DESCRIPTION OF THE TASK
Restate word for word the lines below from the one that has "Products Greenolyte 99999999-01.jpg" through the one that has "Sonnenuntergang über Berggipfeln foto", keeping both and dropping all pictures.

SUPPLIED DATA
☆ ☆ ☆ ☆ ☆

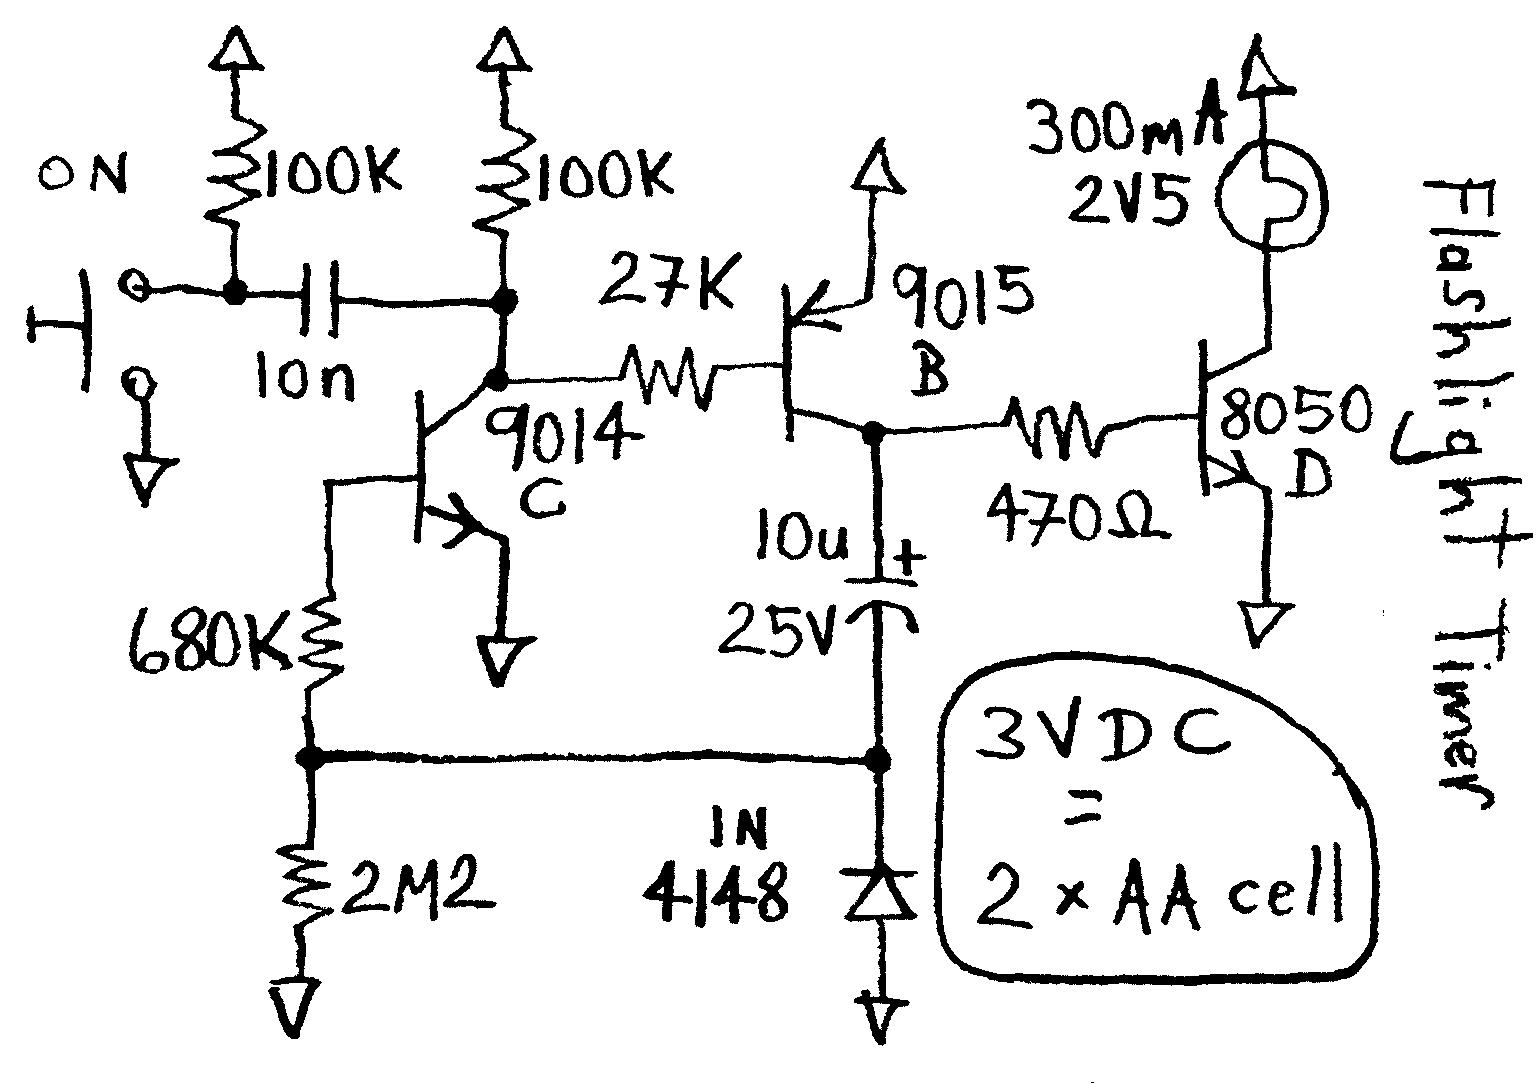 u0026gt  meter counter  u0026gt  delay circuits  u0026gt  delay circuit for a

☆ ☆ ☆ ☆ ☆

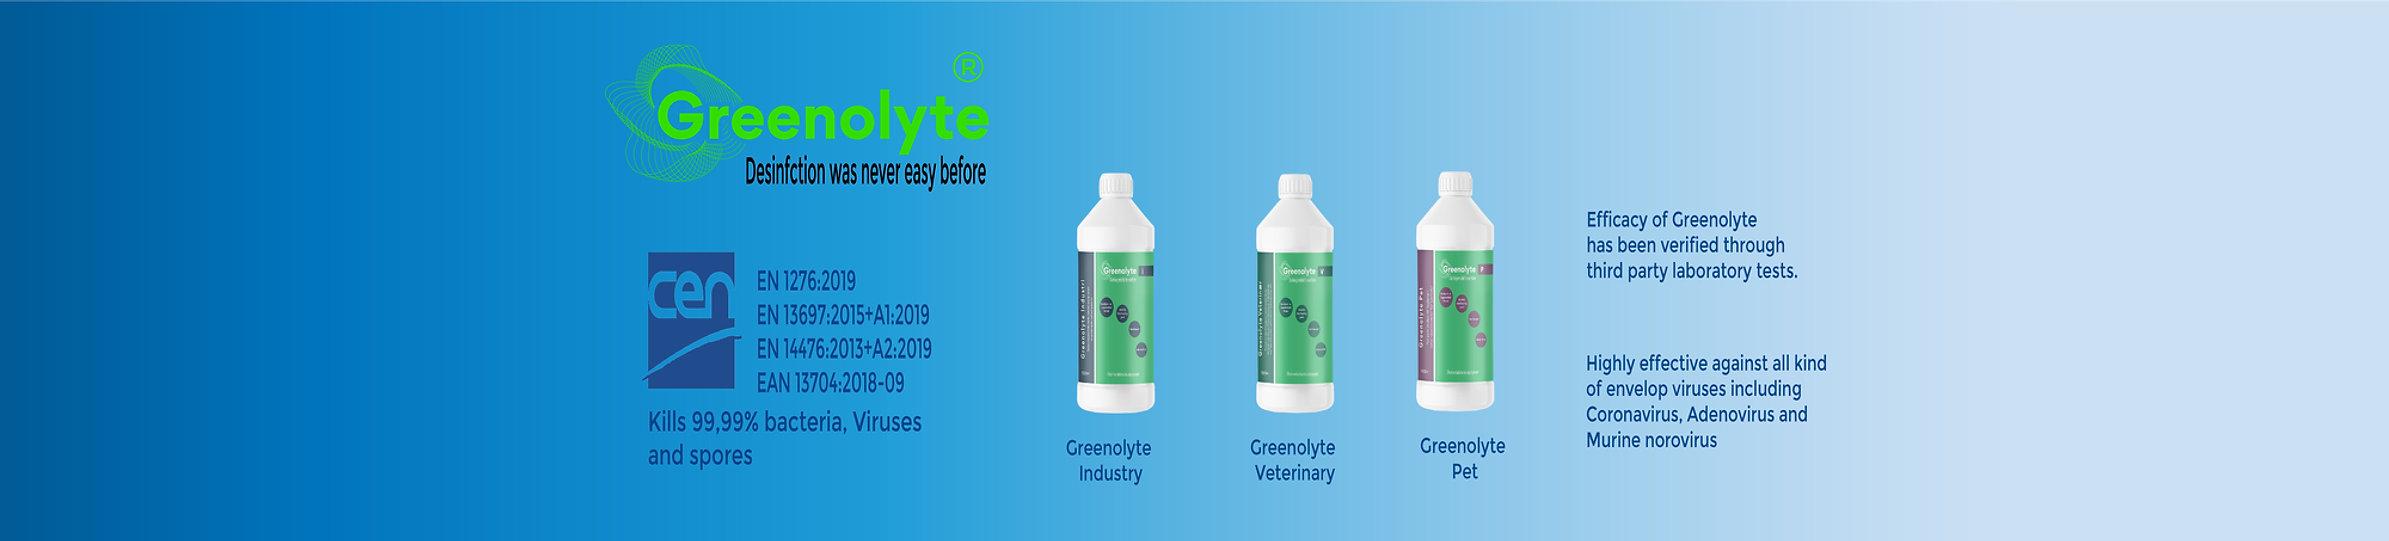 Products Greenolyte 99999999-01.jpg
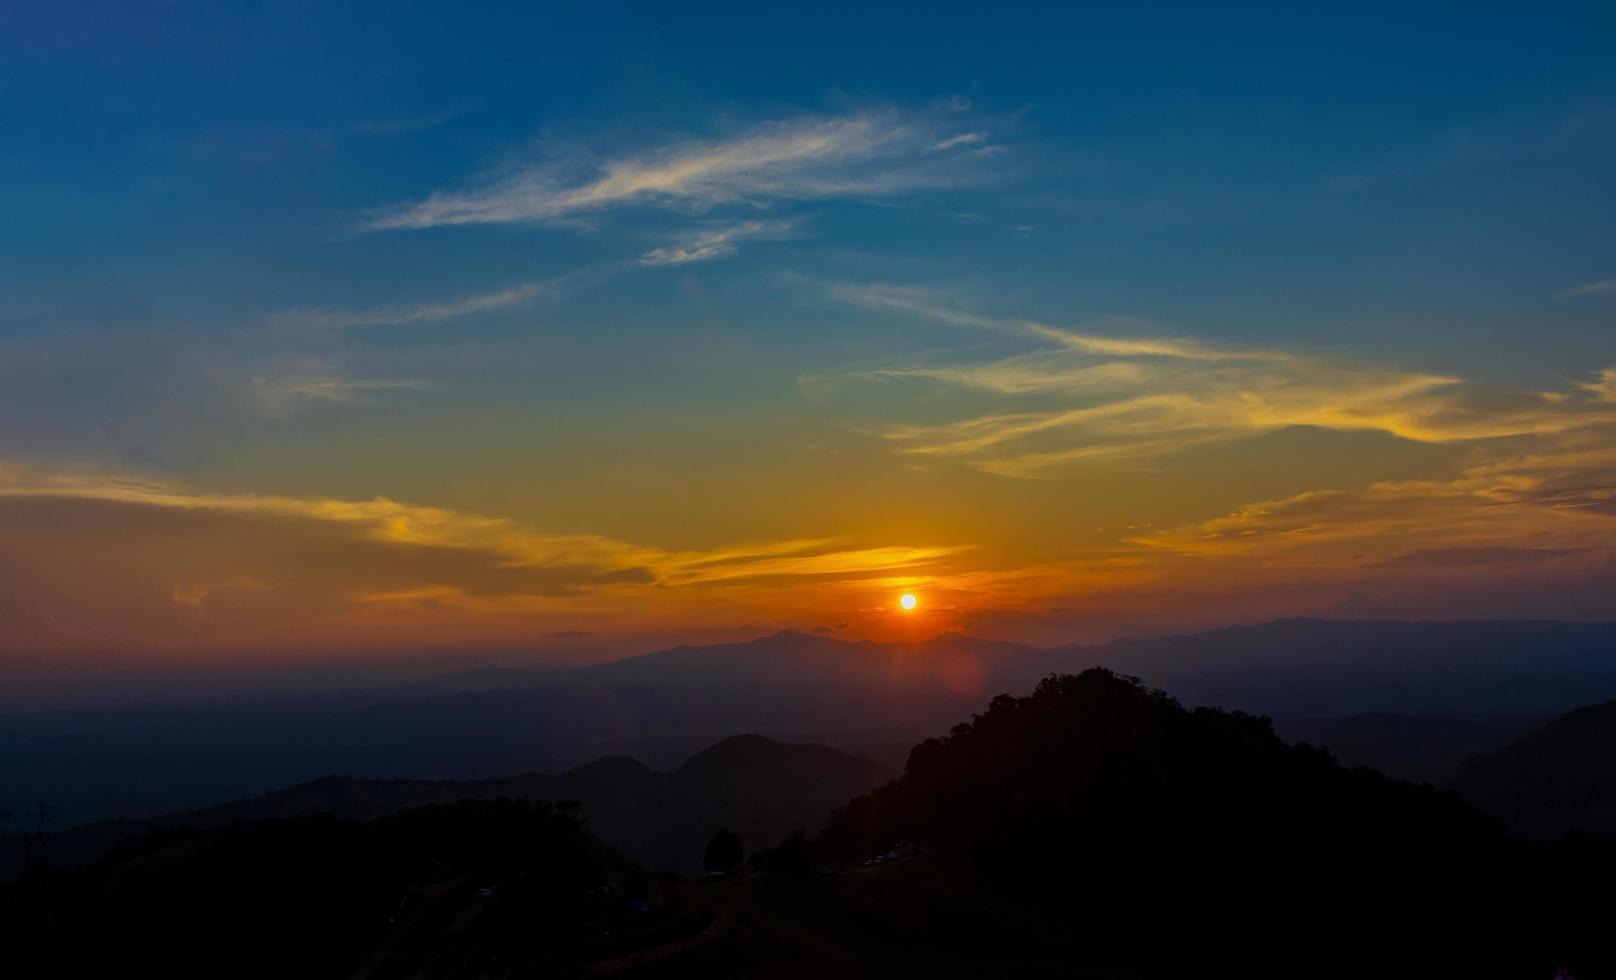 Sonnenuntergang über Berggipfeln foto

☆ ☆ ☆ ☆ ☆

EXPECTED OUTPUT
 Products Greenolyte 99999999-01.jpg
 Sonnenuntergang über Berggipfeln foto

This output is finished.